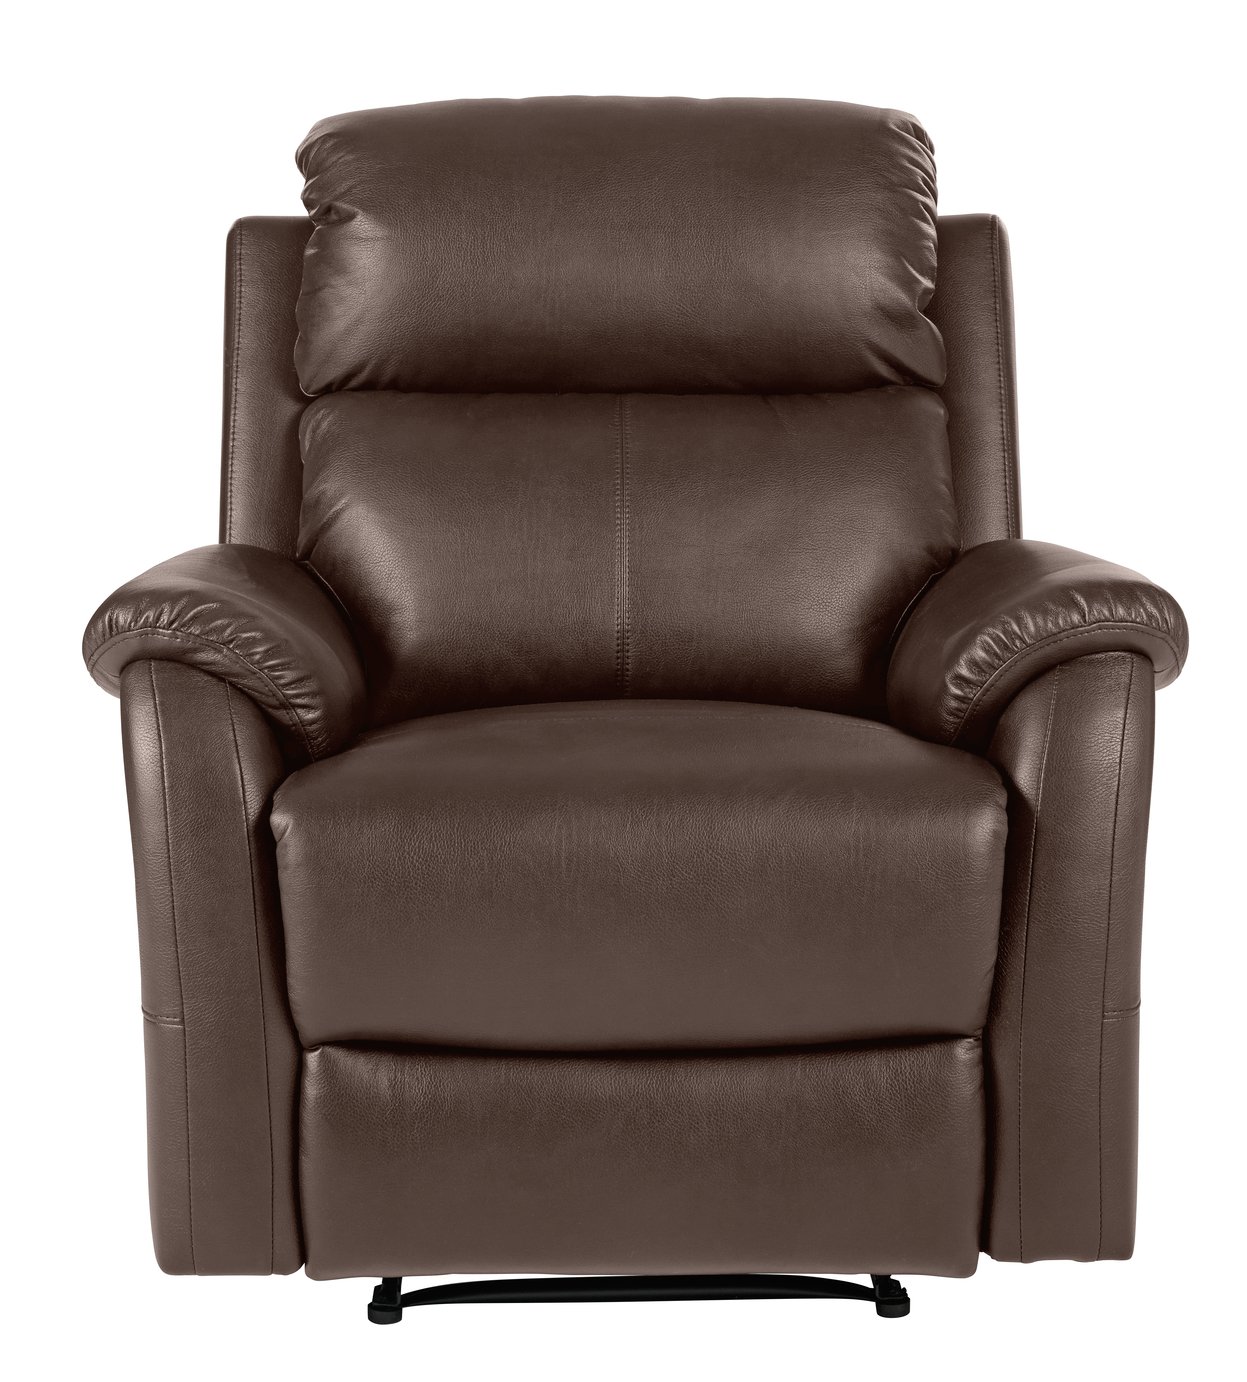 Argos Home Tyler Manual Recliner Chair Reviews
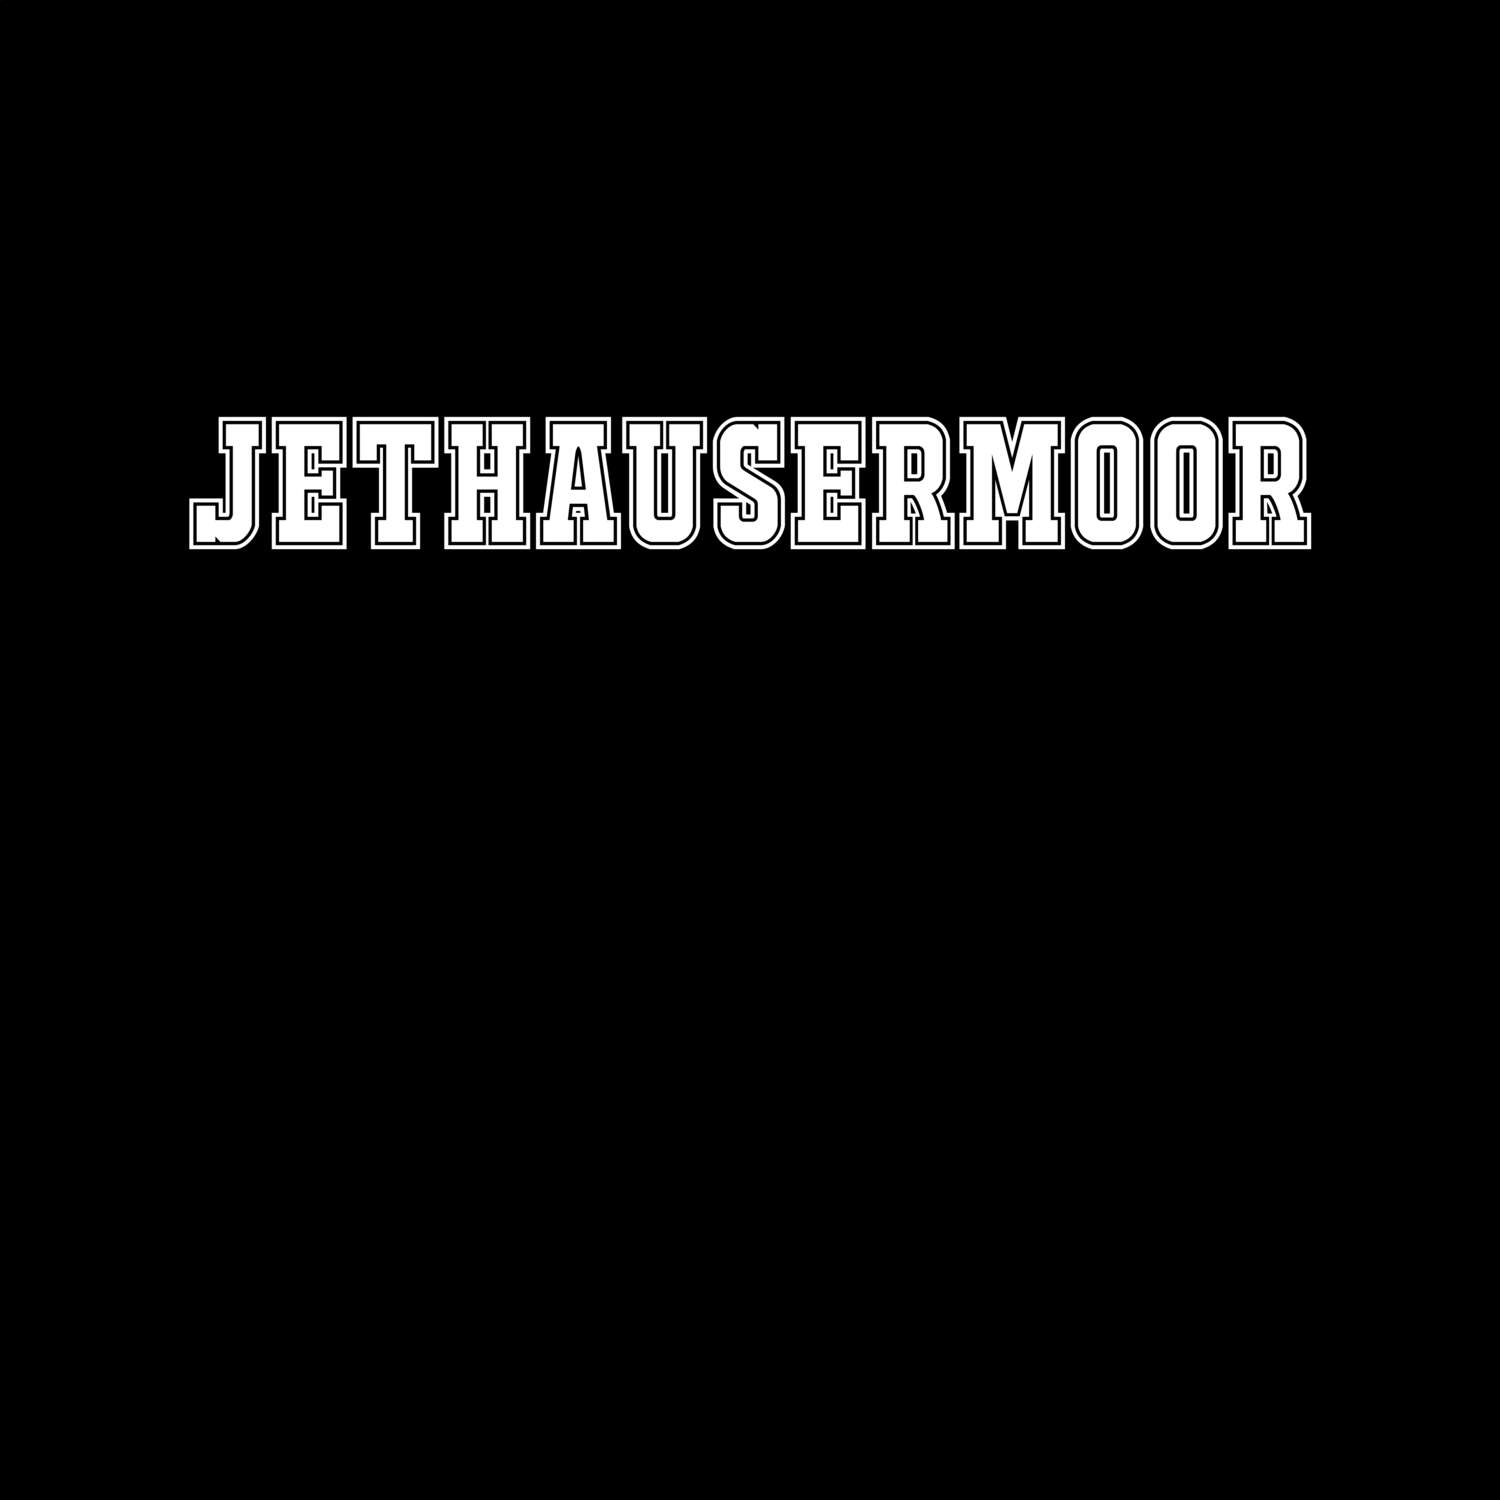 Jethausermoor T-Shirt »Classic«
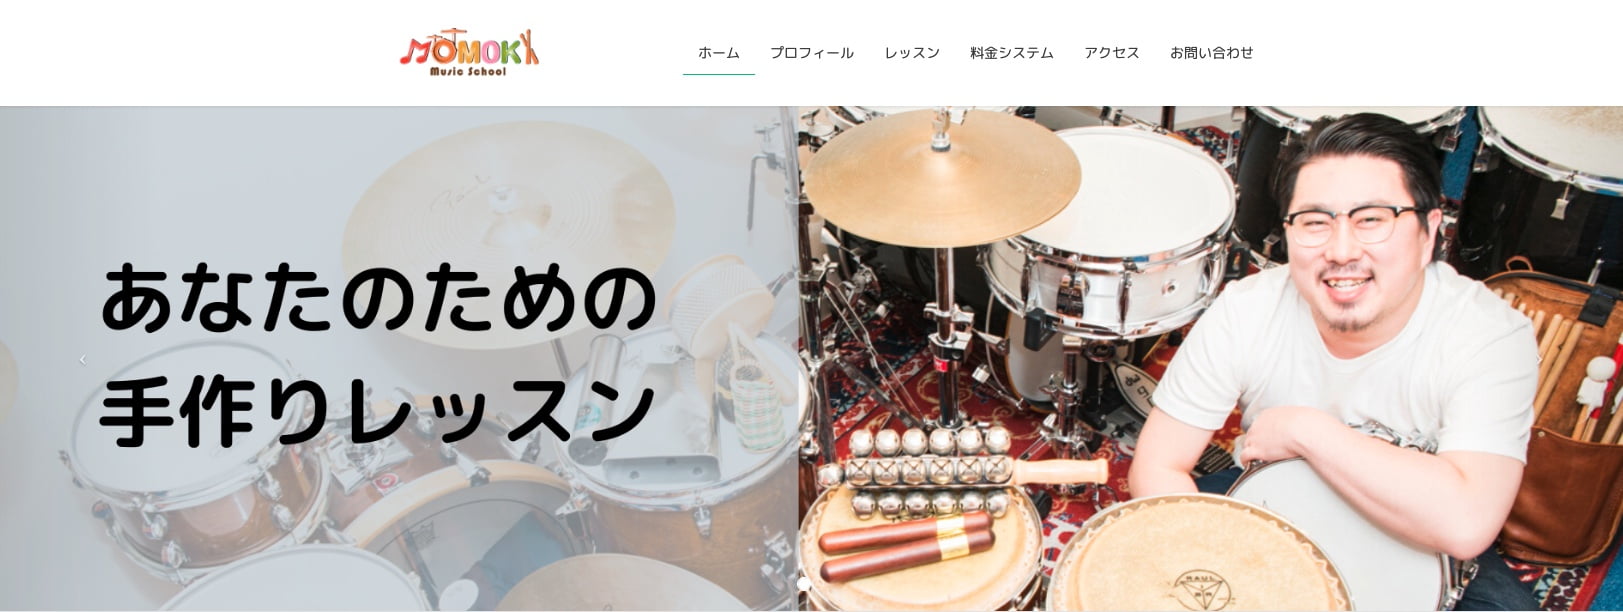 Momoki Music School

_GOAL OF THE EXERCISE_:
The complete material, set down exactly and stripped of pictures, is the expected response.

_EXERCISE OUTPUT_:
 Argos Home Tyler Manual Recliner Chair Reviews
 Jethausermoor T-Shirt »Classic«
 Momoki Music School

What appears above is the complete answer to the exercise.